# Macaroni and cheese for a crowd



## RoxyBlue (Oct 6, 2008)

I got this fabulous recipe from one of my cousins. It's the best homemade mac 'n' cheese I've ever had. If you want to make it Halloweeny, throw in some spiders:googly:

*Macaroni and Cheese for 20-25*

This recipe may be made all at once to be served immediately, refrigerated, or frozen. The sauce may be made ahead and frozen, defrosted, and mixed with freshly cooked macaroni.

¾ cup butter (1½ sticks)
¼ cup minced onion
1 cup flour 
1 T. salt
1 ½ tsp dry mustard
1 ½ tsp powdered ginger
2 qts milk (8 cups)
1 ½ t. Worcestershire sauce
2 oz crumbled blue cheese (adjust to taste)
2 lbs sharp cheddar cheese grated, finely sliced, or coarsely shredded
2 lbs (approx. 6 ½ cups) elbow macaroni

Melt butter in 3 qt. (or larger) kettle, cook onion in butter until soft. Add flour mixed with salt, mustard, and ginger, and cook, stirring constantly until bubbly. Off heat, add milk, stirring or whisking continuously. Put back on heat and continue stirring until sauce thickens (takes a while!). Off heat, stir in Worcestershire sauce and cheeses. Stir until cheese is melted. Mix with cooked elbow macaroni.

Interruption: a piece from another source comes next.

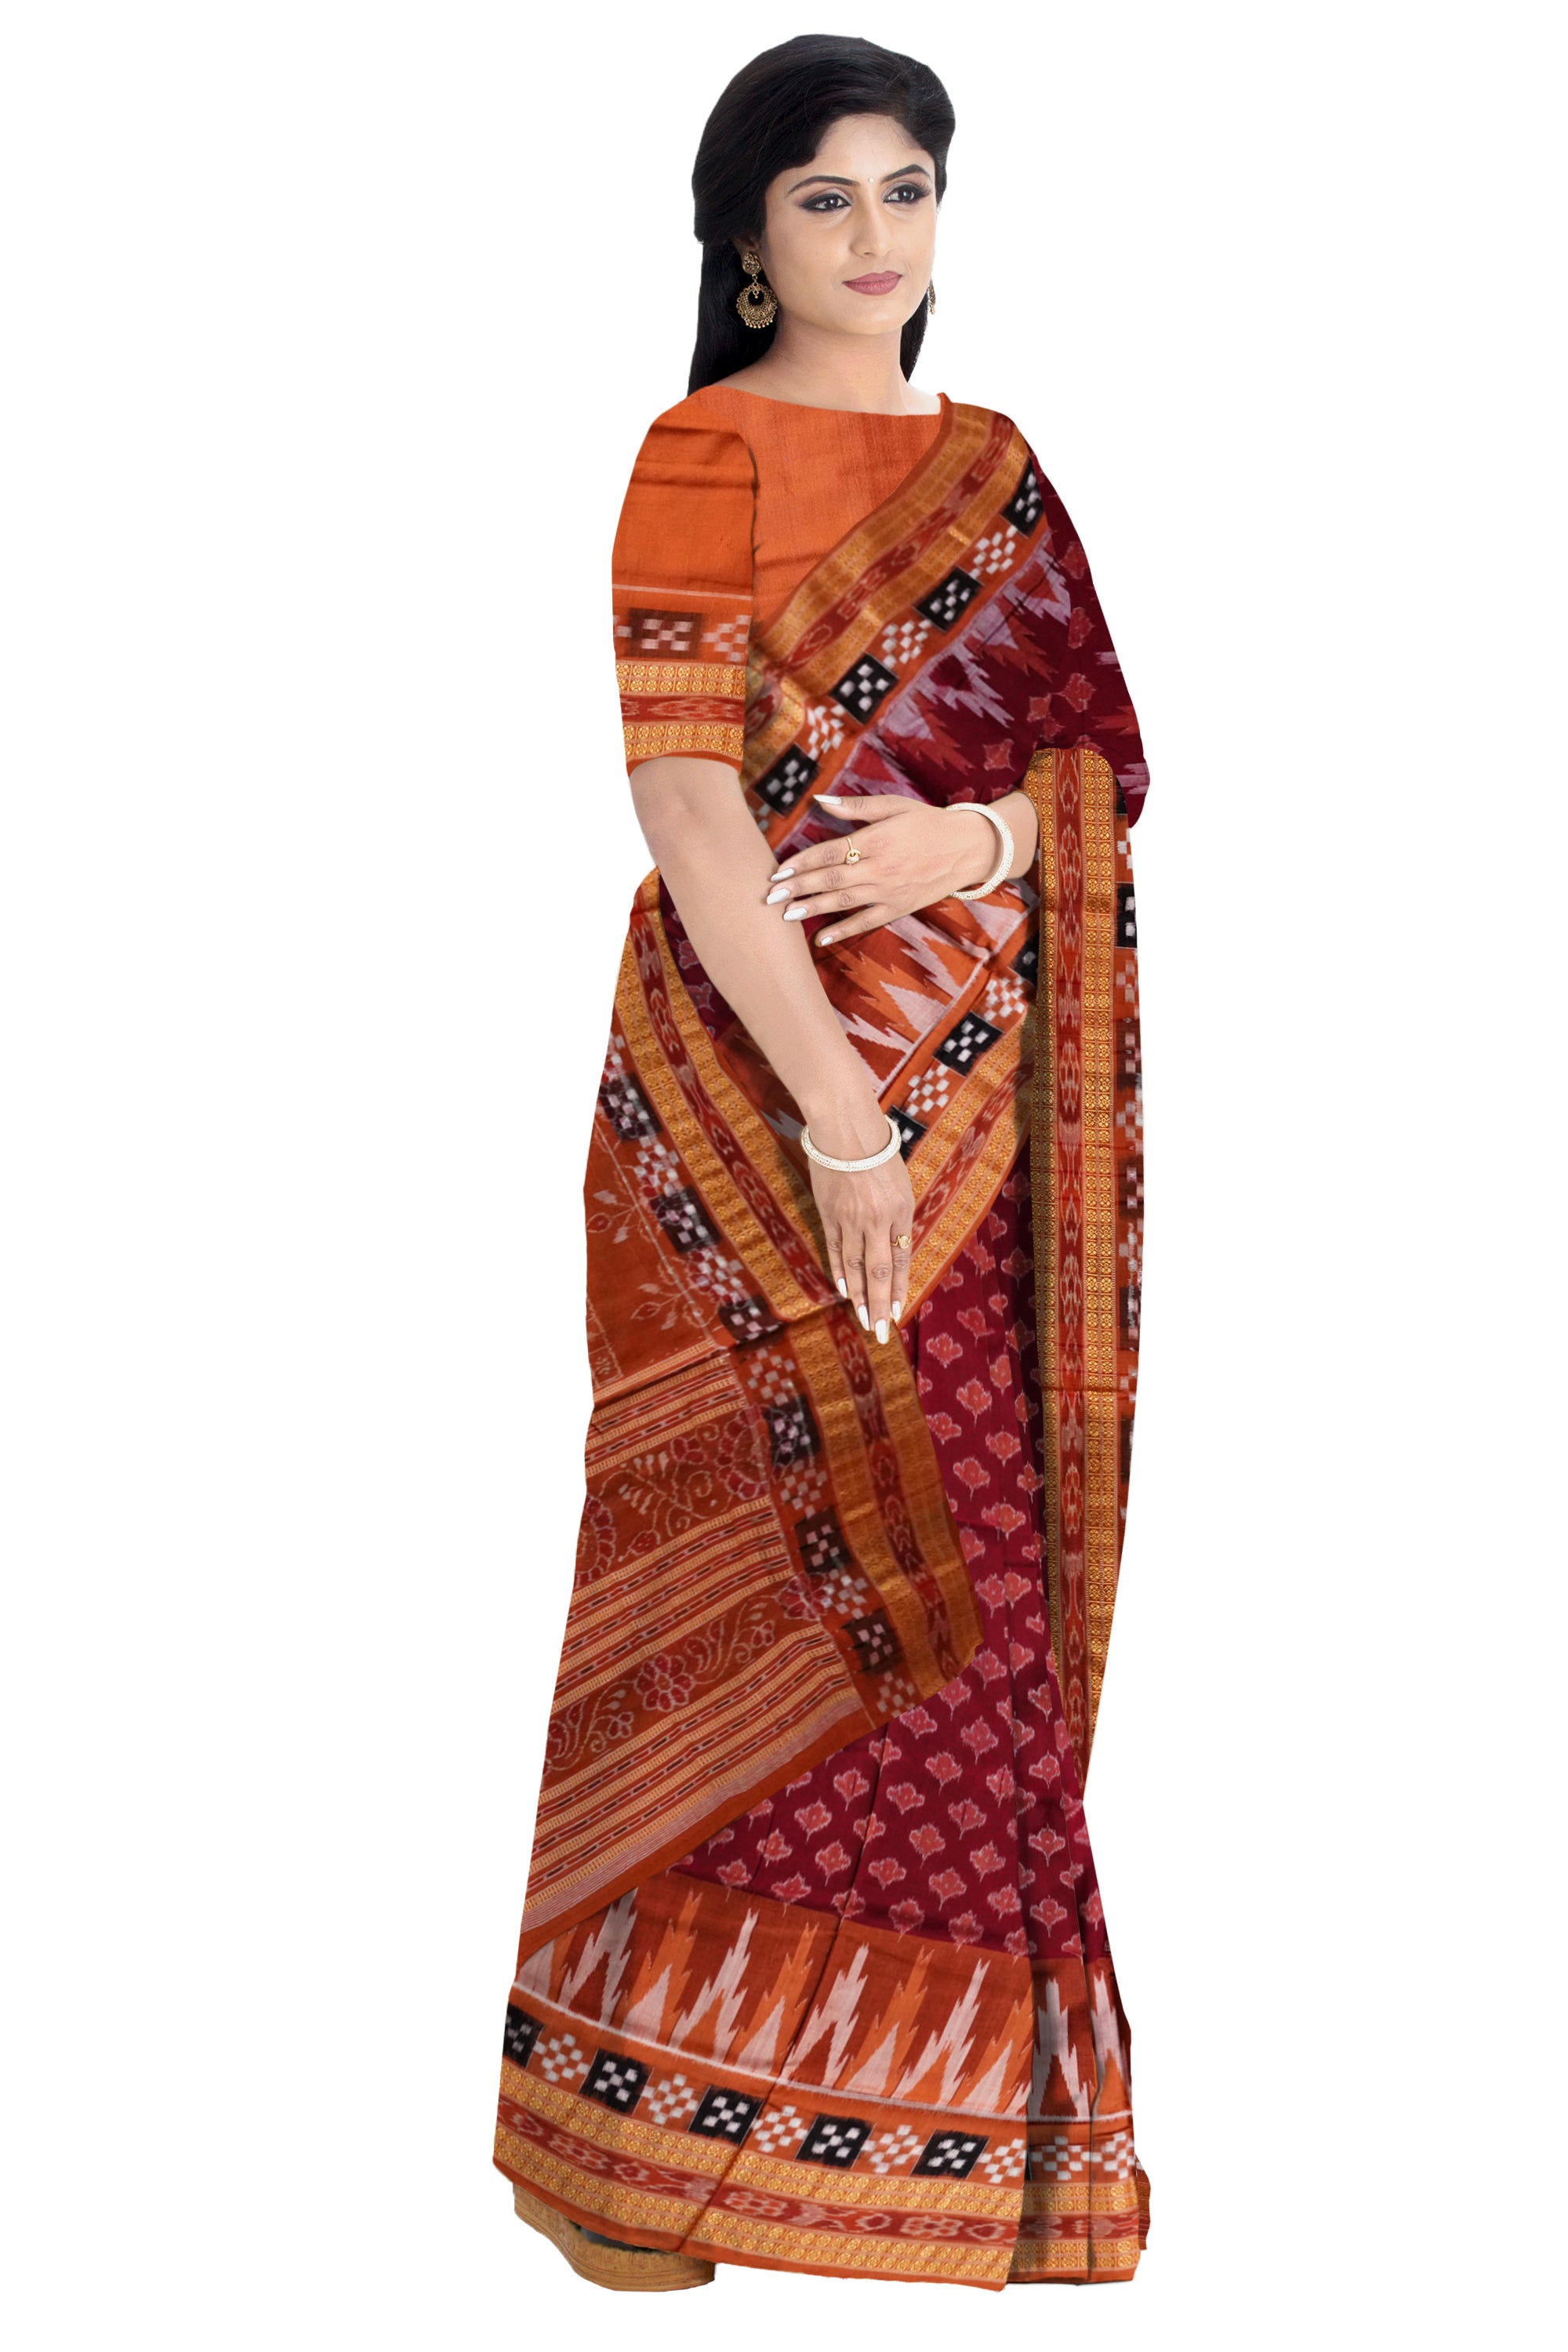 Coffee and mattha colour leaf design with dhadi pasapali pattern cotton saree. - Koshali Arts & Crafts Enterprise

Bake in a 400 degree oven in two buttered 11" x 15" shallow pans, or three buttered 2 qt. casseroles, or two 3 qt. casseroles. Bake uncovered for 20 minutes, then covered (with foil if there is no cover) for an additional 15-20 minutes. If baked frozen, bake an additional 20 minutes.


----------



## fontgeek (Jul 24, 2006)

Thanks Roxy, that may come in handy!


----------



## kauldron (Oct 17, 2011)

Sounds like it would be pretty good Roxy. Thanks.


----------